What do some people think about the causes of this unhealthy competition between families?

Murtaza says, “Eid’s gifts to bride’s family are our tradition but now it’s changed to competition among families. One family wants to bring more gifts and the other wants more than that.”

Maryam says, “Most girls don’t want more Eid gifts but they cannot express their opinions to their families. If any of them prevents more gifts, the girl’s father, uncle or brother might say that they would prepare a simple Nikah (marriage contract) ceremony with a glass of water.”

How do some families find a solution to this issue?

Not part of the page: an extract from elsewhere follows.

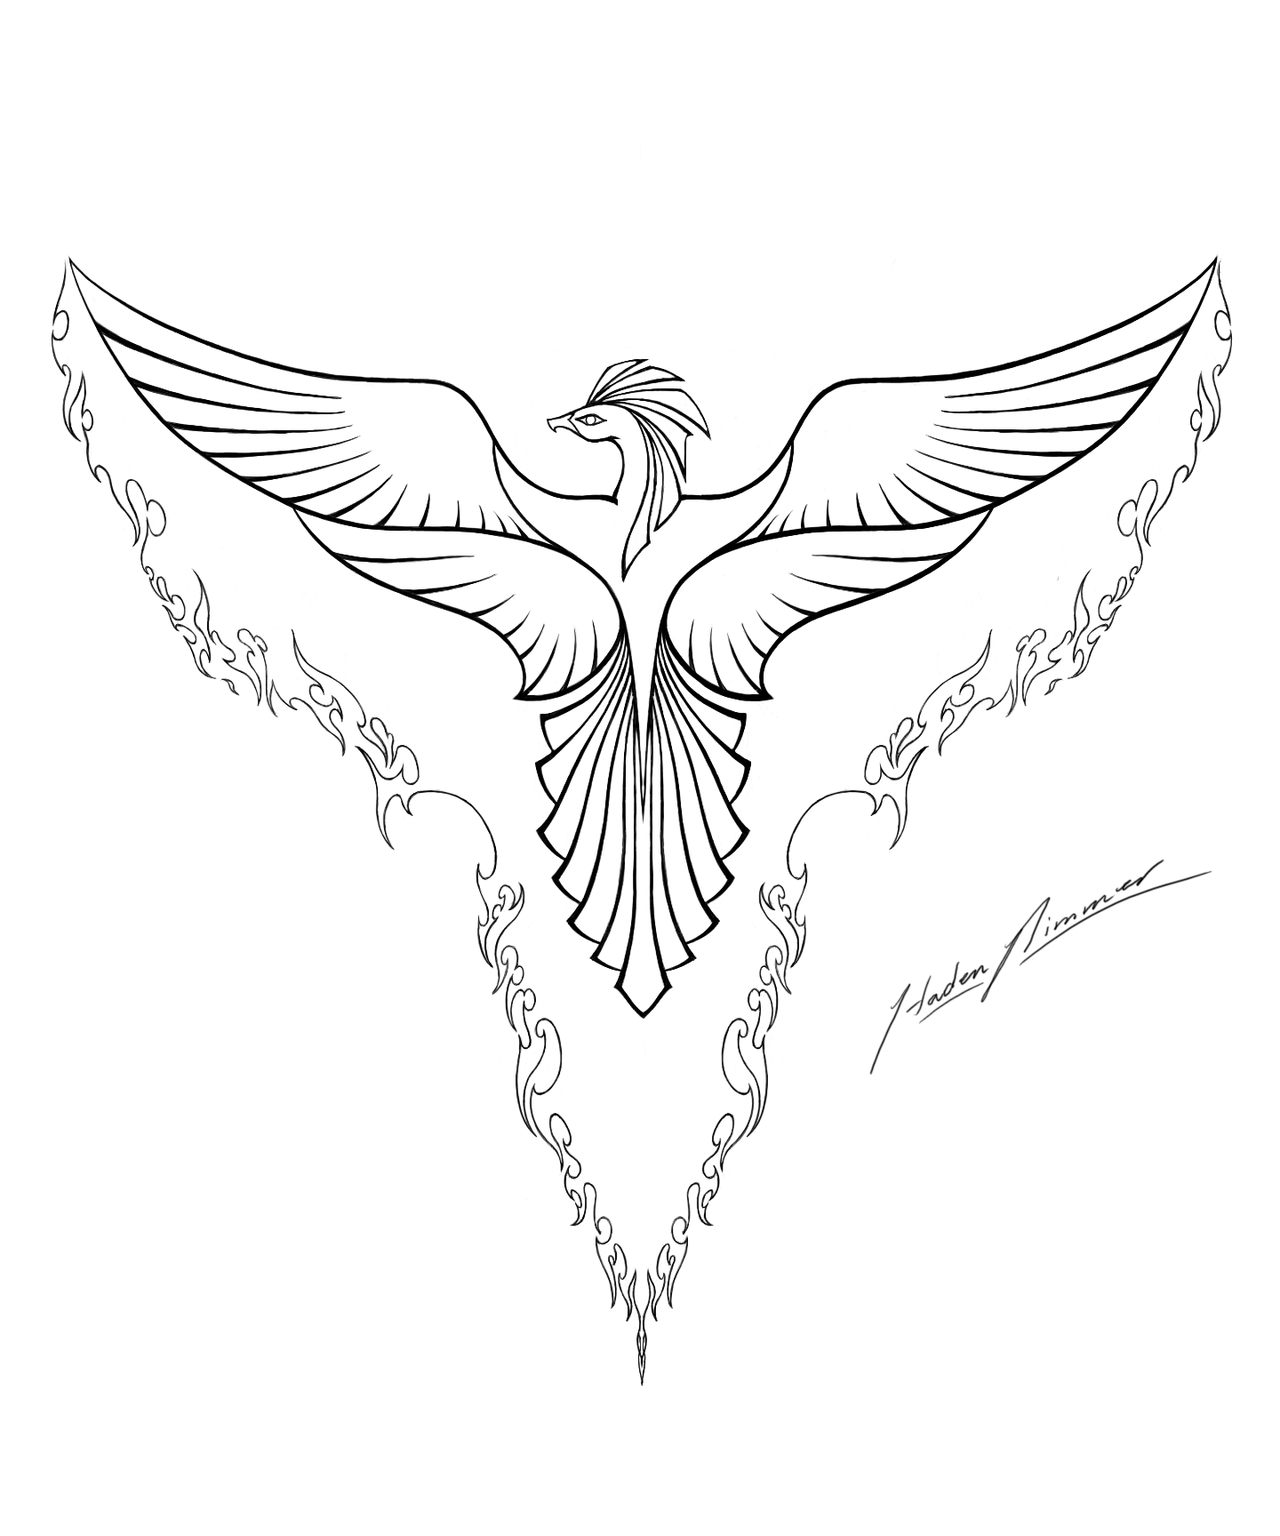 Phoenix coloring pages to download and print for free

Razia Muhammadi says, “When I got engaged to a boy, my cousin also got engaged at the same time. My cousin's fiancé was from a rich family and my fiancée was from a middle-class family.

My cousin’s fiancé was bringing more gifts to his fiancé but as my fiancé was from a low-class family, he was bringing gifts according to his income and this issue was bothering me.

My mother advised me to not be sad and she told me that my future might be better than others. Now I pass a comfortable life with my husband and my father-in-law’s family has good manners with me.”

Maryam says, “When my sister got engaged, my mother had talked to my sister’s fiancé’s family about the dowry and other special days’ gifts. She had prevented them from bringing such a gift and paying dowry. After the marriage, they have a good life.”